What you have to do:
The listing below should be printed exactly, every line of it. Skip the pictures.

(Raw data Opens)

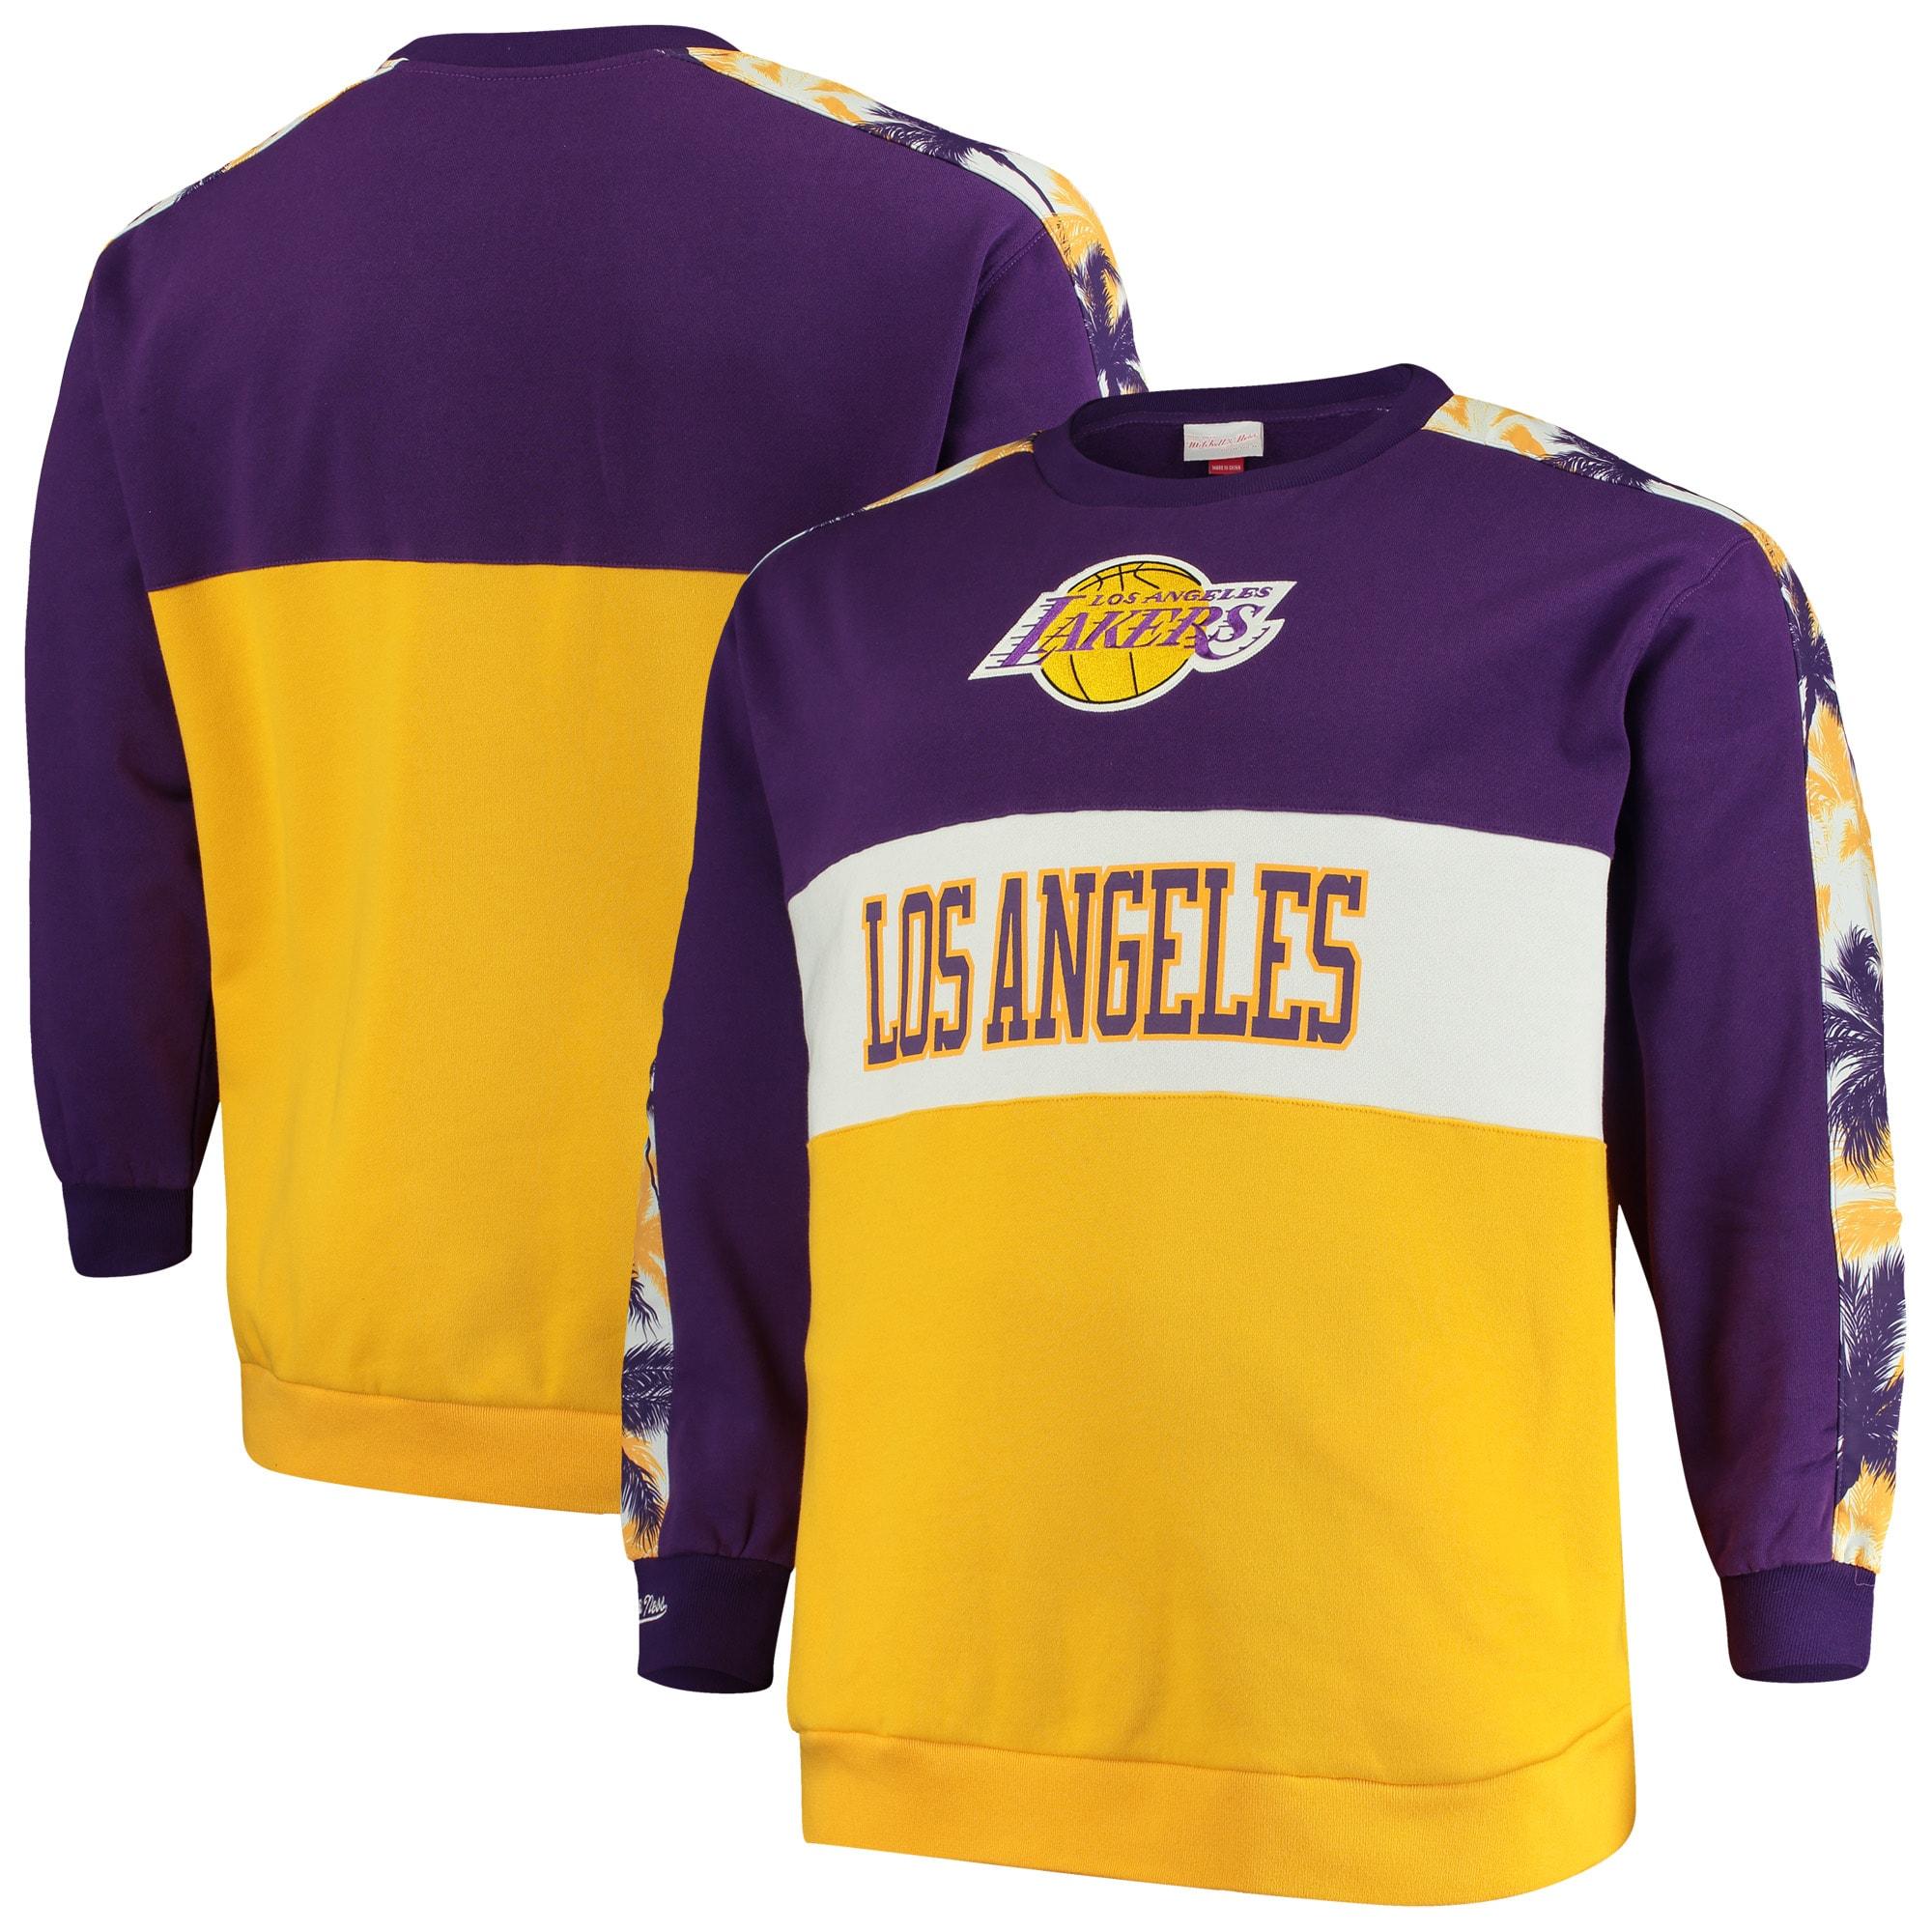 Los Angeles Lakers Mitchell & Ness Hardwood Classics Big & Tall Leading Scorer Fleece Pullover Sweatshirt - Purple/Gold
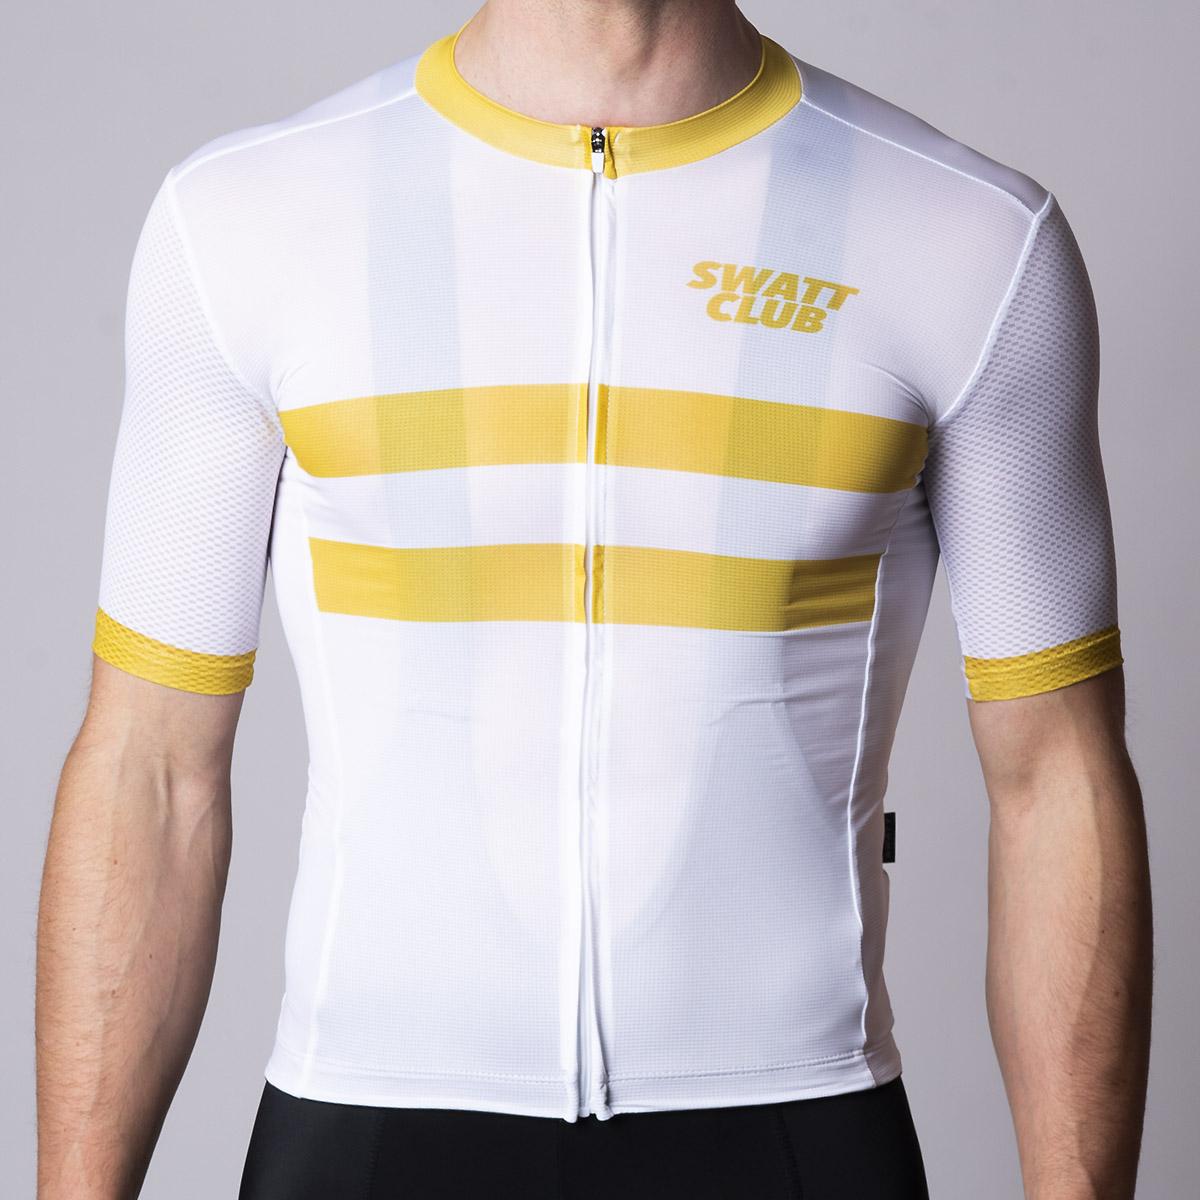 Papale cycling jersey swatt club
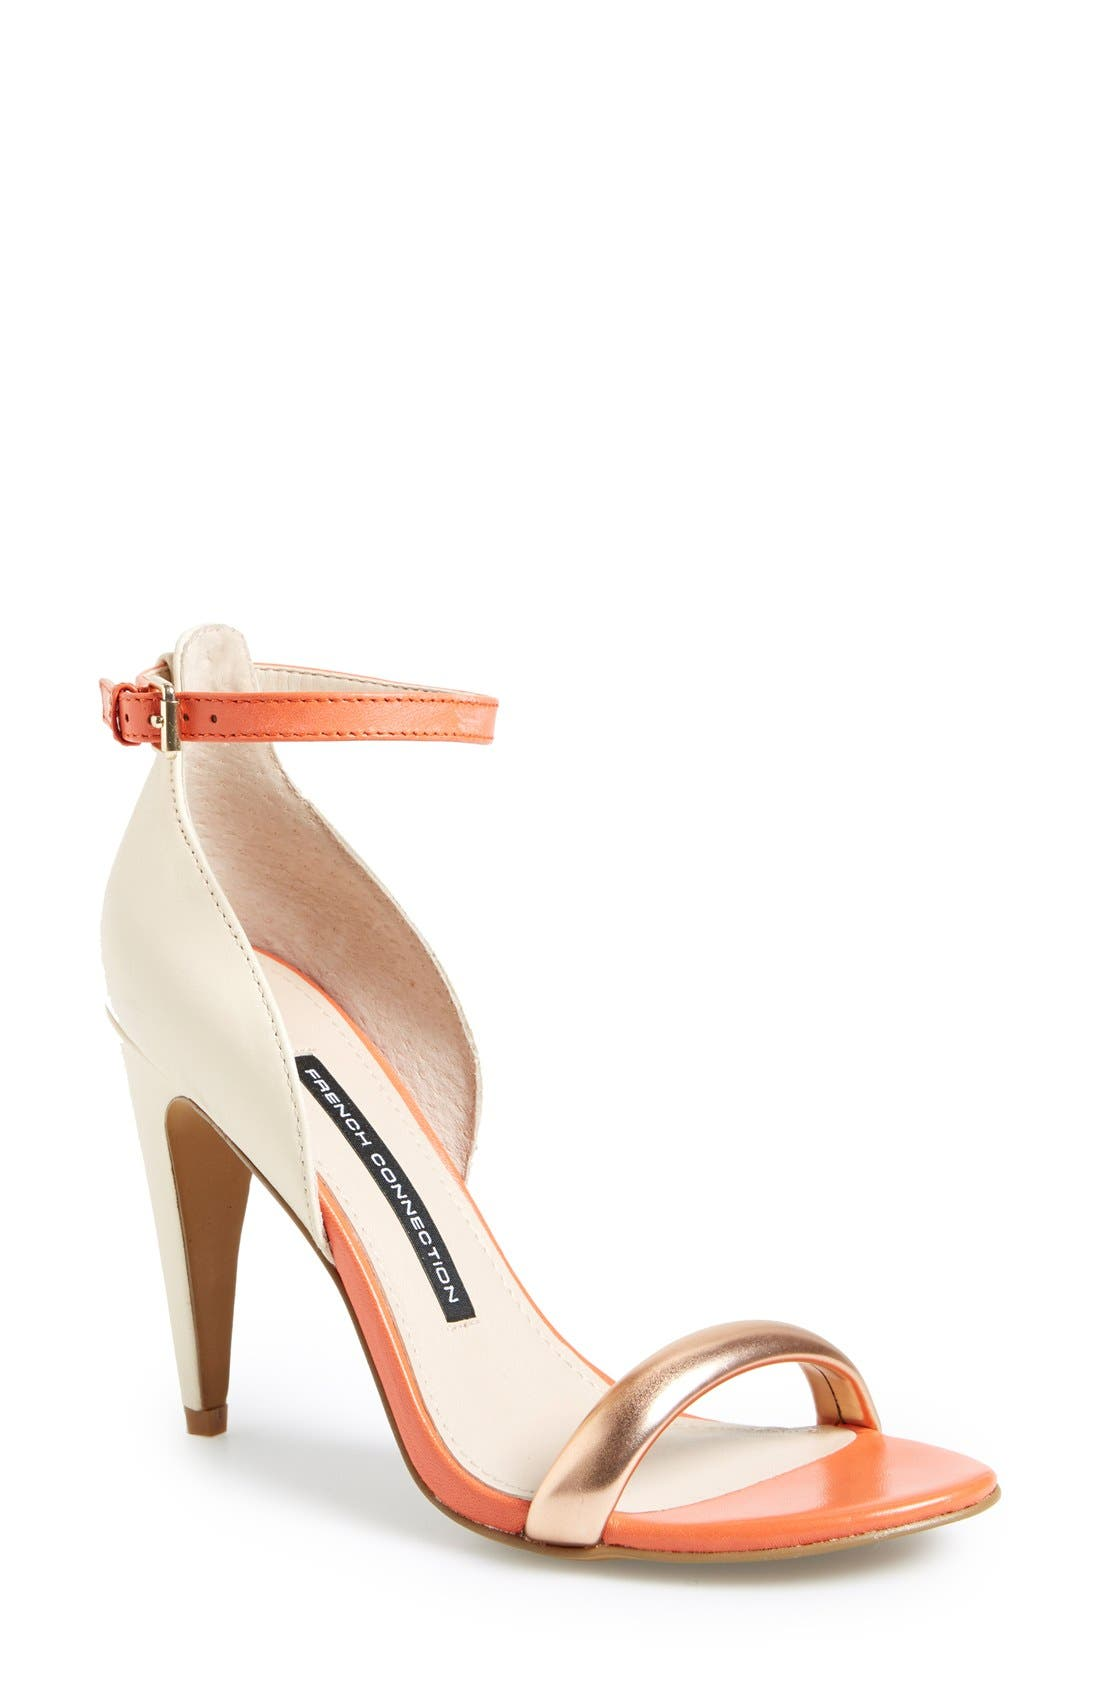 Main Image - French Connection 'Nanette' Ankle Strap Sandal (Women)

(Raw data Closes)

Solution:
 Los Angeles Lakers Mitchell & Ness Hardwood Classics Big & Tall Leading Scorer Fleece Pullover Sweatshirt - Purple/Gold
 Papale cycling jersey swatt club
 Main Image - French Connection 'Nanette' Ankle Strap Sandal (Women)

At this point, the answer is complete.